Yes I’ve seen the Unitronic tunes I was told that would void the warranty on my car..hopefully they release a tune soon from apr or warranty might just have to be voided 🤷🏽*♂


Sent from my iPhone using Tapatalk


----------



## Poetic50 (Feb 17, 2017)

12veeR said:


> Yes I’ve seen the Unitronic tunes I was told that would void the warranty on my car..hopefully they release a tune soon from apr or warranty might just have to be voided 🤷🏽*♂
> 
> 
> Sent from my iPhone using Tapatalk


Man I’m leasing my car and for almost a whole year I haven’t took my car to the “stealership” . Why? If it messes up I’m still gonna have to either pay or something . Anyways with just a stage 1 unitronic tune you would be going faster than most stock GLIs. Confirmed by a guy who has a 1.4t 5 speed and said he put a uni 1+ tune. An intake might not do much on a NA Car but this turbo engine will totally benefit at least 5 hp continuously to the crank however IE intake is the way I’m going. AWE Tuning has catback exhaust for max gains up to 7hp and torque. Also there is a Borla exhaust. Uni is in the make of stage 2 tune along with a downpipe so just more patience. Also u should look into dogbone mount and and parts to stiffens up the motor and the chassis. Why? I have wheel hop on 1st gear stock so with the tune there’s lots of torque so u will need some stiffer to put that power to the ground.
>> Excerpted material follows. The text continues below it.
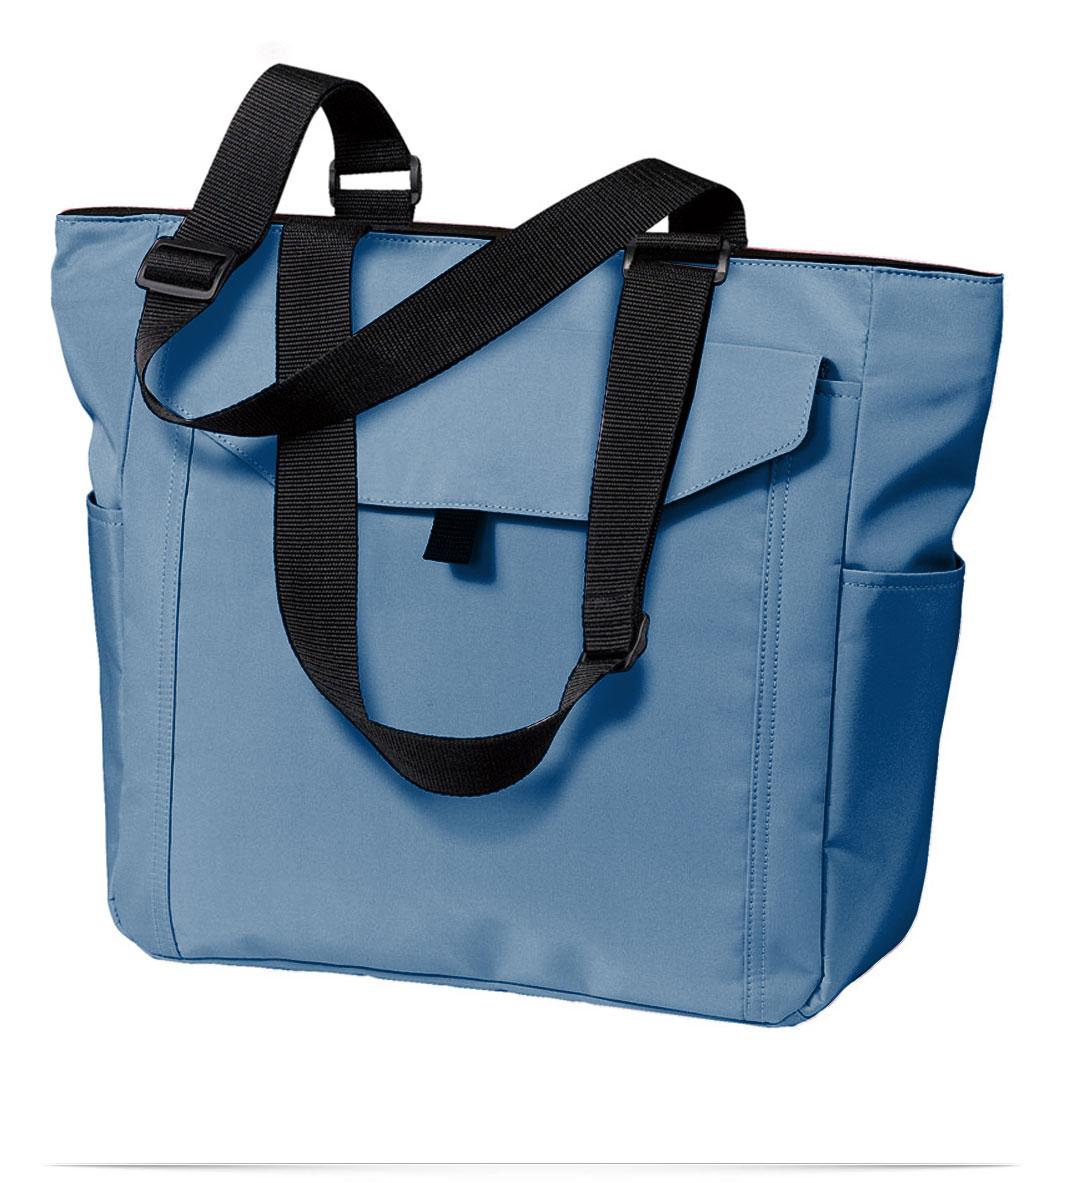 Customize Microfiber Tote Bag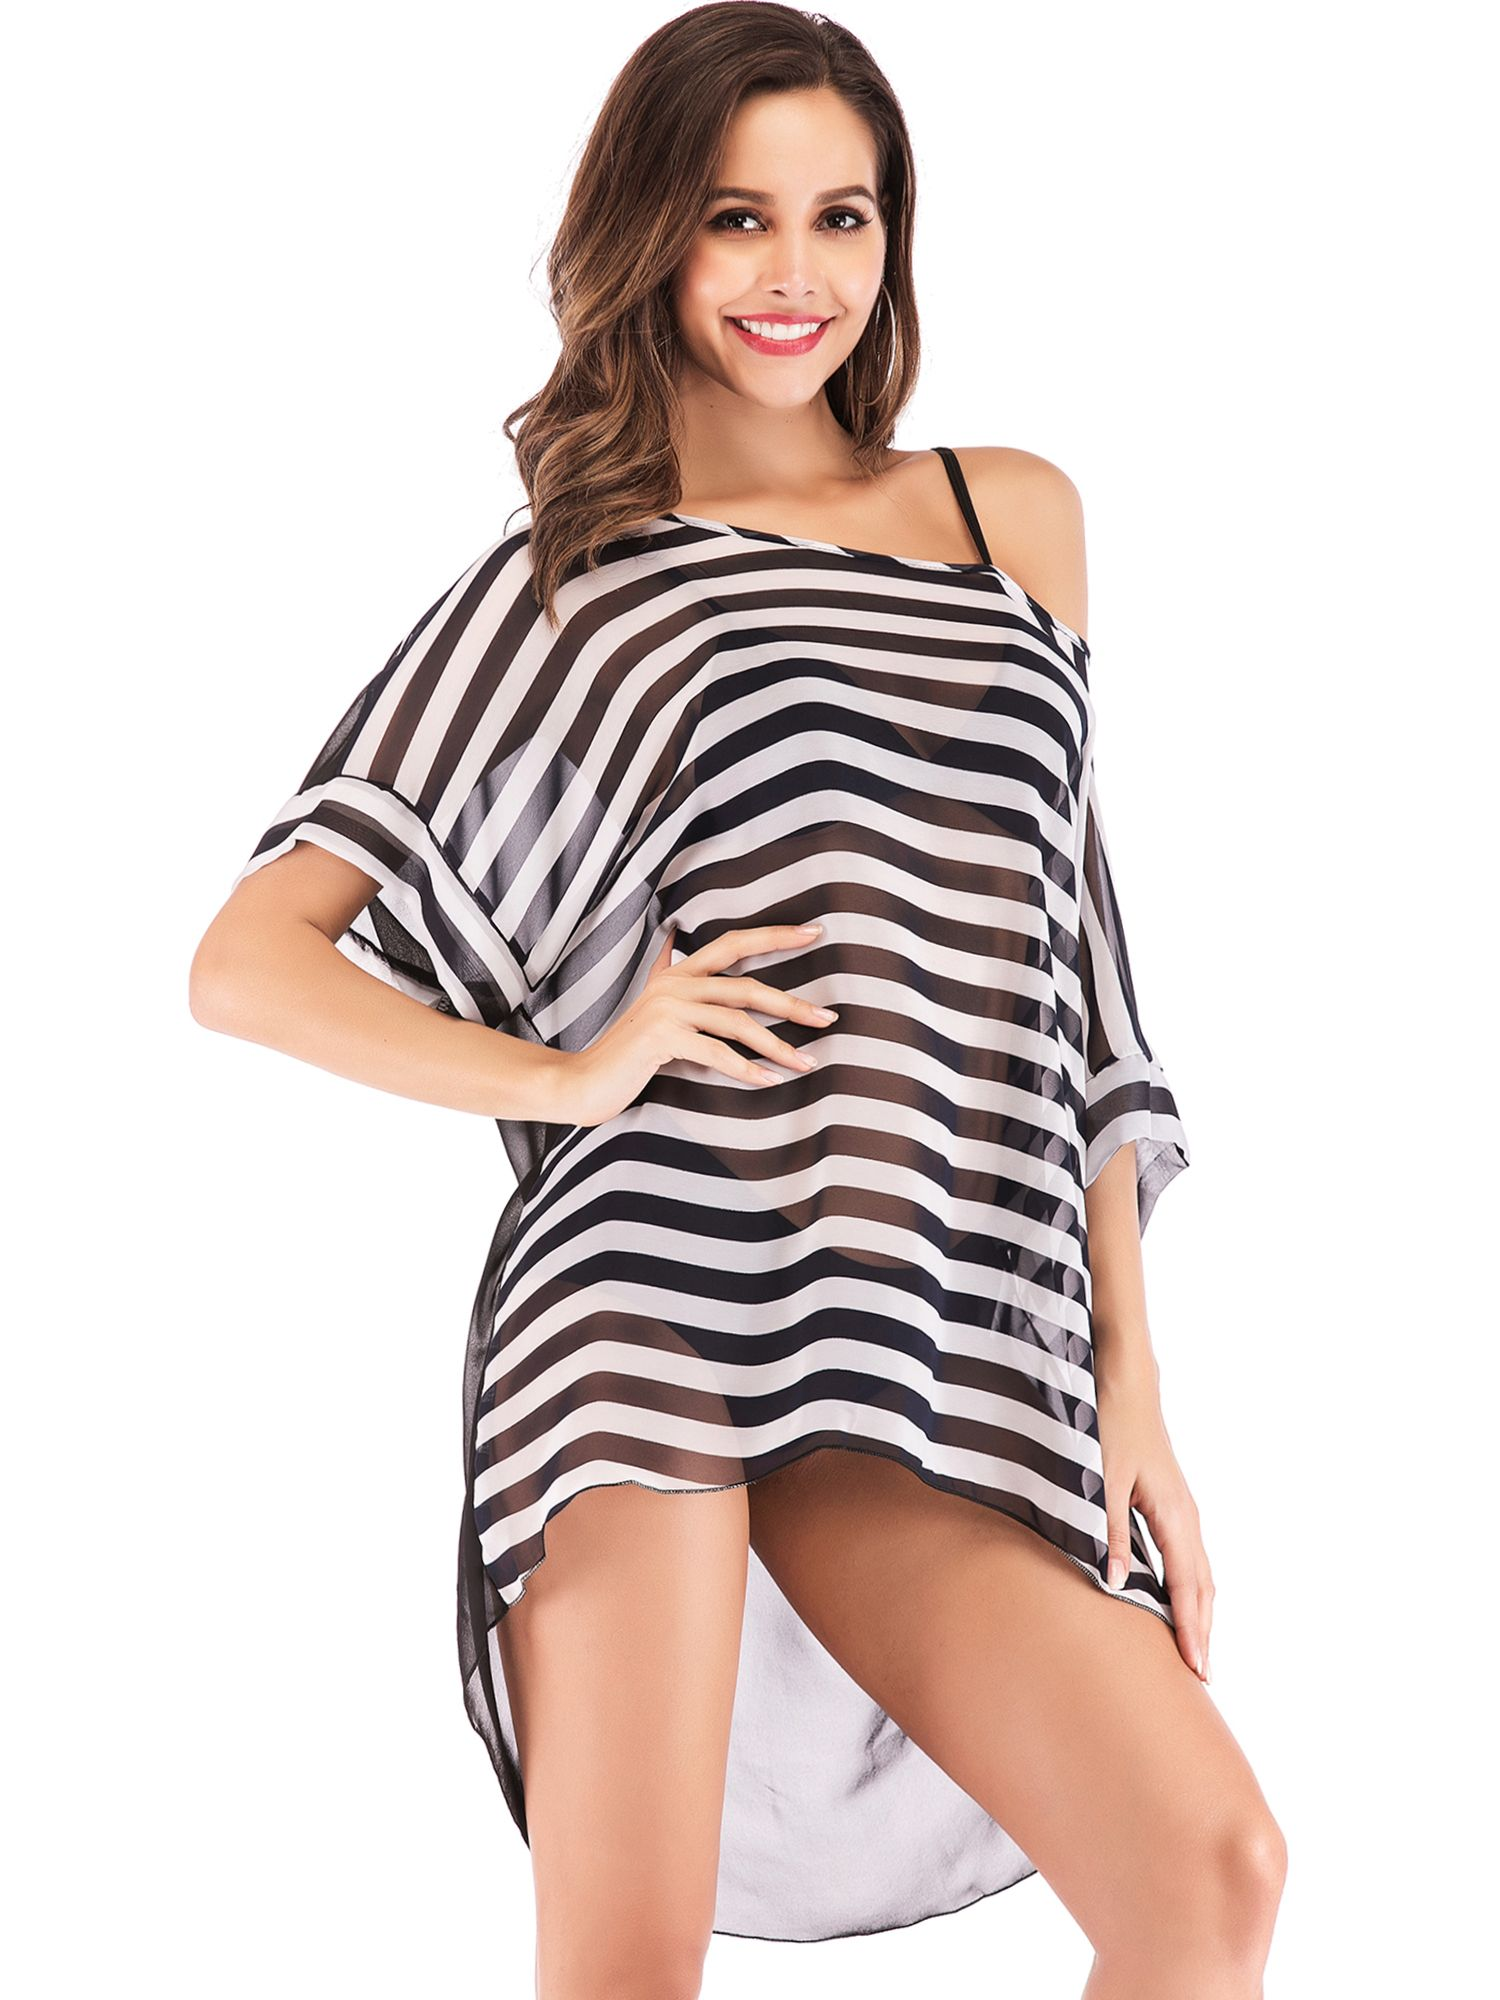 1bcdac638b LELINTA Women?¡¥s Plus Size Bikini Cover Up Warp Stripe Chiffon ...

Sent from my iPhone using Tapatalk


----------



## Rabbitjoker (Sep 14, 2016)

12veeR said:


> Yes I?ve seen the Unitronic tunes I was told that would void the warranty on my car..hopefully they release a tune soon from apr or warranty might just have to be voided 🤷🏽*♂
> 
> 
> Sent from my iPhone using Tapatalk


Get the racechip ultimate. It's a German chip tune. Doesn't flash ecu, so it doesn't void warranty. Easily turn off if you want stock, or unplug altogether. It's definitely worth the money. I am very pleased. Wheel hop all way through 4th, and I have the dogbone mount.


----------



## ericgohsw (Feb 5, 2018)

Rabbitjoker said:


> Get the racechip ultimate. It's a German chip tune. Doesn't flash ecu, so it doesn't void warranty. Easily turn off if you want stock, or unplug altogether. It's definitely worth the money. I am very pleased. Wheel hop all way through 4th, and I have the dogbone mount.


what were the gains like?


----------



## Rabbitjoker (Sep 14, 2016)

ericgohsw said:


> what were the gains like?


Gains were great. 193hp 280 torque 91 fuel.

Sent from my SM-G950U using Tapatalk


----------



## LurkerJetta (May 30, 2018)

Rabbitjoker said:


> ericgohsw said:
> 
> 
> > what were the gains like?
> ...


Holly ****, that dinoed?


----------



## IReapZz (Jun 16, 2018)

LurkerJetta said:


> Rabbitjoker said:
> 
> 
> > ericgohsw said:
> ...


Not what we are making at all. Maybe 240 tourqe. Uni tune is just safer you're computer can't regulate a piggy back tune. Gonna do a dyno day on my car I have the injen intake and the uni stage one tune and as stated before I pull away from stock Glis.


----------